Zero steady-state allocation: the arena model

Bump-slab arena with pointer rewind replaces malloc/free per query.

Setup

The benchmark is bench_aggregate: 5,000 rows, 500 iterations of a GROUP BY query. Measured as wall-clock latency through the PostgreSQL wire protocol.

CREATE TABLE sales (
    id INT, region TEXT, product TEXT,
    quantity INT, amount NUMERIC(10,2)
);
-- 5,000 rows inserted

SELECT region, SUM(amount)
FROM sales
GROUP BY region;
-- repeated 500 times

Problem

The aggregate workload runs 500 iterations of the same query. Each iteration allocates memory for parse trees, executor state, hash table buckets, result rows, and wire buffers. Under concurrent load with 8 threads, the system allocator’s lock becomes a serialization point.

Cause

The traditional execution path called malloc() and free() at every level: per-query for the parse tree, per-row for expression evaluation temporaries, per-group for hash table entries, per-result for wire serialization buffers. A single iteration of the aggregate query on 5,000 rows could issue hundreds of allocation calls. Multiply by 500 iterations and the allocator overhead becomes measurable.

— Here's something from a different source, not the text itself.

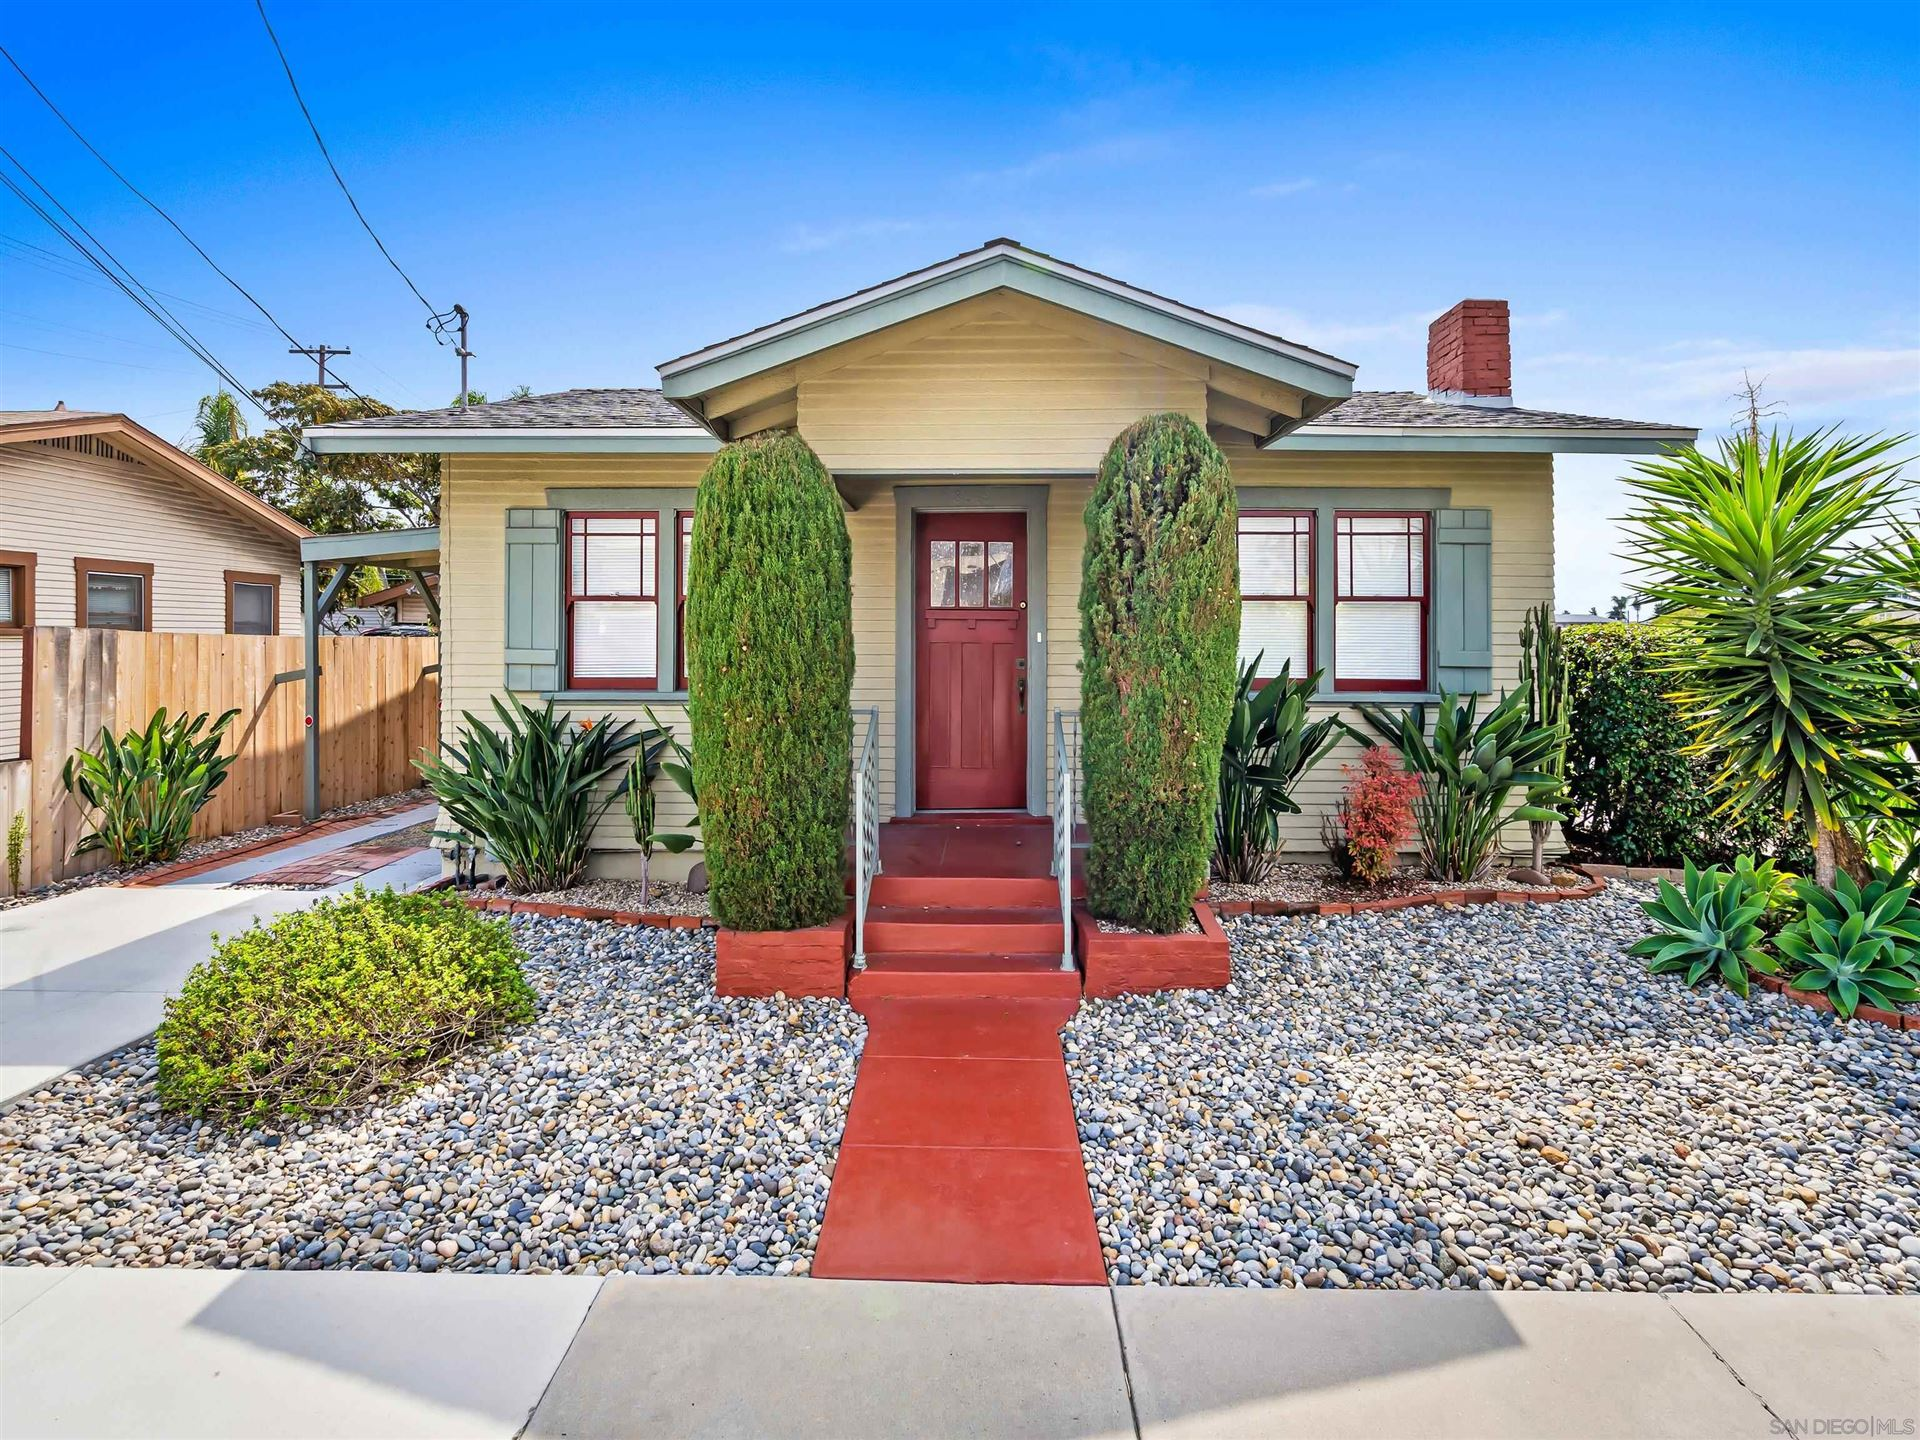 Photo for 3149 Madison Avenue, San Diego, CA 92116 (MLS # 210028335)

More critically, free() fragments the heap. After thousands of queries, the allocator spends increasing time searching free lists. Under AddressSanitizer (which the test suite runs under), each allocation also incurs quarantine overhead.

Fix

The engine uses a bump-slab arena (arena.h). Each connection owns a query_arena with a scratch region. All per-query allocations—parse nodes, plan nodes, hash table buckets, sort arrays, intermediate column blocks—come from bump_alloc(scratch, size), which advances a pointer and returns the previous position.

At query end, query_arena_reset() rewinds the pointer to zero. No free() calls. No fragmentation. No lock contention. The arena grows by allocating new slabs (64 KB each) only when needed; slabs are retained across queries so steady-state allocation is zero.

Hash tables, sort arrays, and plan nodes all bump-allocate from arena.scratch. The only heap allocations that remain are for table storage (which persists across queries) and the slab chain itself (which grows monotonically and never shrinks).

Result

Same query, same machine:

	mskql	PostgreSQL	Ratio
aggregate (500 iter, 5K rows)	15ms	265ms	0.06×

The arena model is not an optimization applied to a slow path—it is the memory model. Every query, from simple lookups to complex analytical CTEs, allocates from the same bump slab and resets at the same point. The 18× advantage over PostgreSQL on this workload reflects the cumulative effect of removing thousands of malloc/free pairs per query.